An den Anfang stellte Bergler eine im Sonntagsblatt des Jahres 1933 veröffentlichte fiktive Szene, als ein Pfarrer die „Nichtarier zum sofortigen Verlassen der Kirche“ aufforderte. Sofort danach stieg Christus vom Kreuz, verließdie Kirche. Die Szene sei, so Bergler, als Appell an die Christen gedacht gewesen, sich an ihre Verbundenheit mit den Juden zu erinnern. „Denn Jesus, an den wir glauben, war zeitlebens Jude, Jesus war kein Christ, aber offenbar war es da schon zu spät“, sagte Bergler.
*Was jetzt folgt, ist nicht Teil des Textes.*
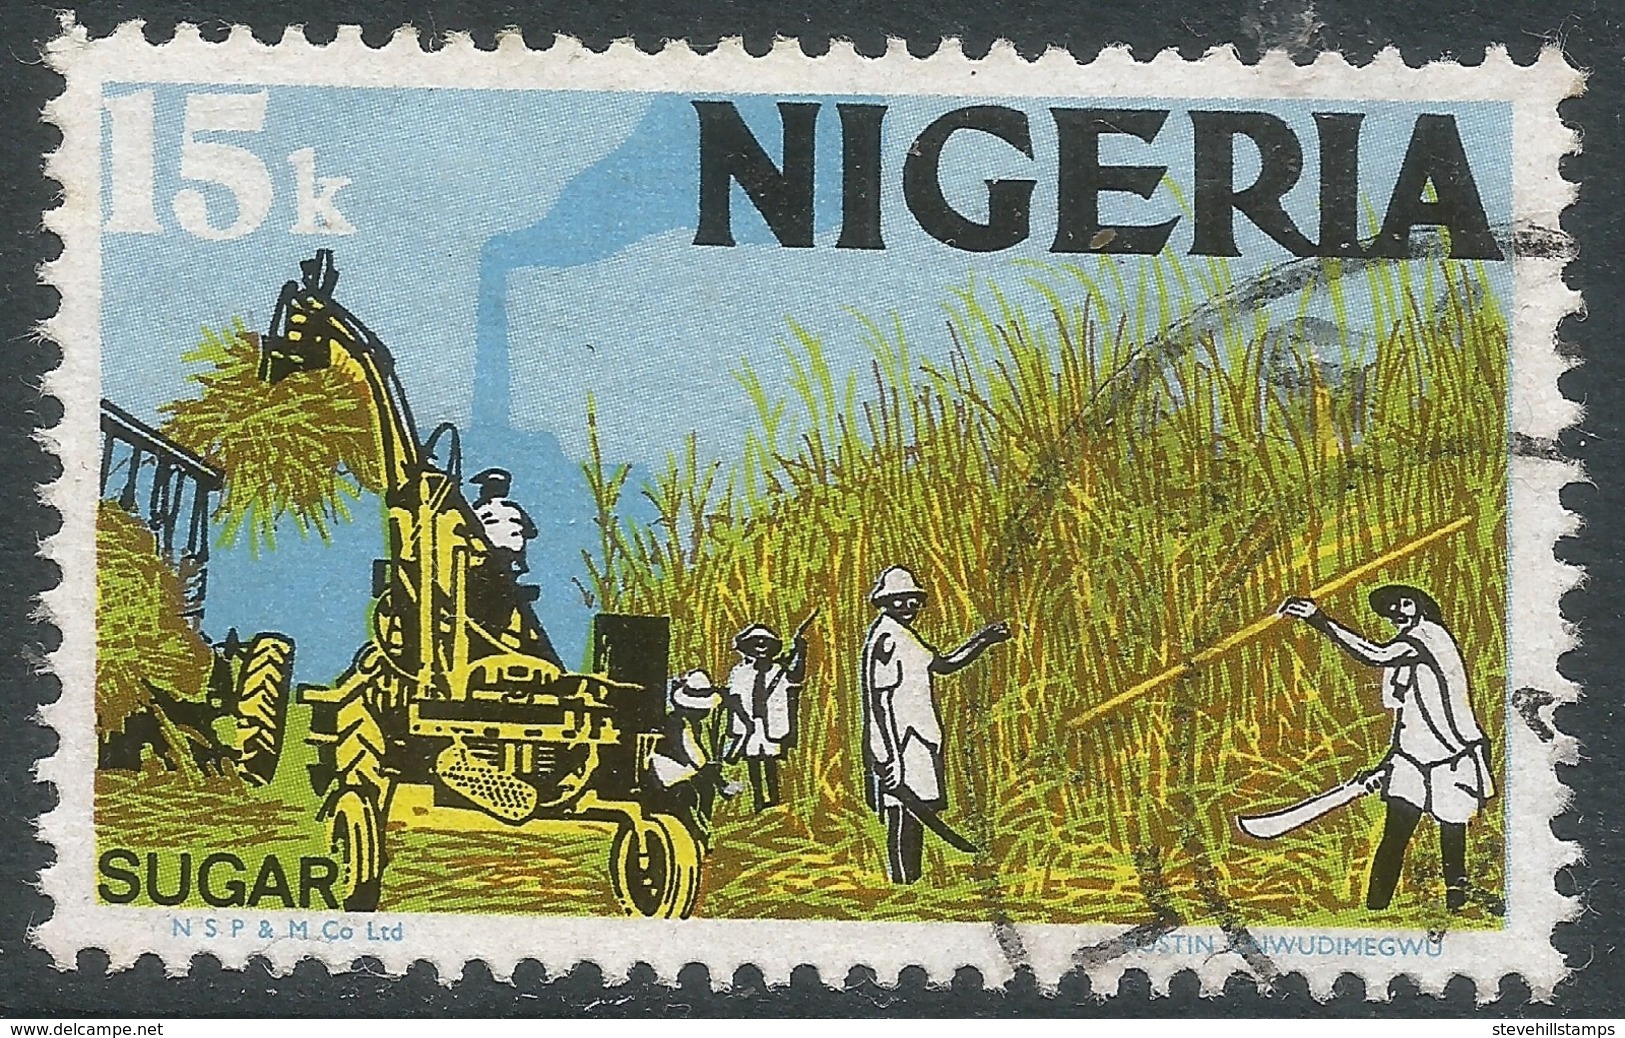 Nigeria. 1973 Definitives. 15k Used. SG 298 - Nigeria (1961-...)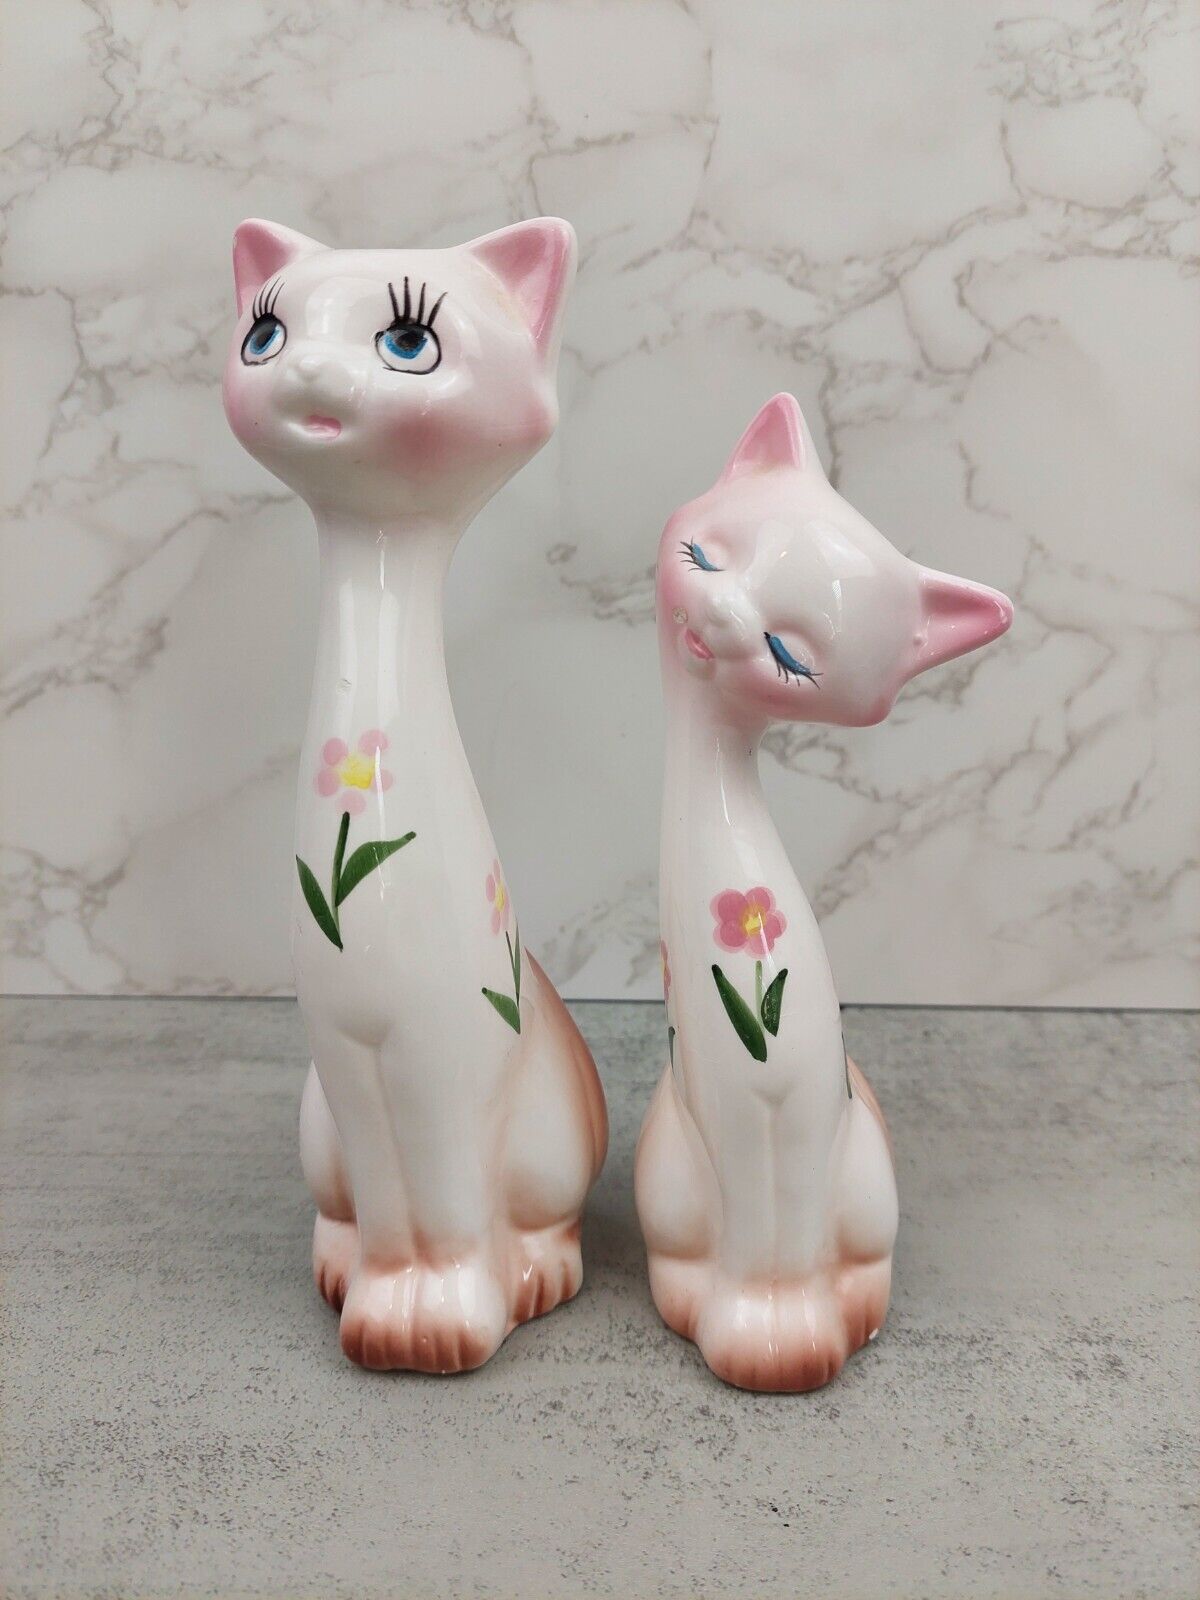 VTG Kitsch Ceramic Cat Figurine Pair Winking Floral Blue Eyes White Pink

Kirchliches Gedenken an den 9. und 10. November 1938 komme an Martin Luther nicht vorbei, der, geboren am 10. November 1483, etliche schwer antijüdische Schriften verfasste. Darunter die berühmteste aus dem Jahr 1543 „Von den Juden und ihren Lügen“, in der der Reformator die Landesherren aufruft, ihre (der Juden) Synagogen oder Schulen anzustecken. „Fast könnte man meinen, Hitler habe nur das ausführen müssen, was Luther 400 Jahre zuvor gefordert hatte“, sagte Bergler. […]

Bergler blieb kritisch. Das Gedenken sieben Jahrzehnte danach sei ihm zu viel, fast zu einem „inflationären Wortgeklingel geworden“. Vergangenheitsbewältigung dürfe nicht „bloß mit Reden“ geschehen, man müsse vielmehr auf die Opfer und Liedtragenden von damals hören, solange sie noch lebten. „Nur echte, ungeschminkte Erinnerung kann zur Buße, zur Umkehr heute führen“, sagte Bergler. Wichtigste Konsequenz aus „unserer Vergangenheit“ sei mehr Mut, Zivilcourage, Rückgrat, die Schärfung der Augen für all jene, die heute von einem „Schicksal bedroht sind, wie es den Juden damals widerfuhr“.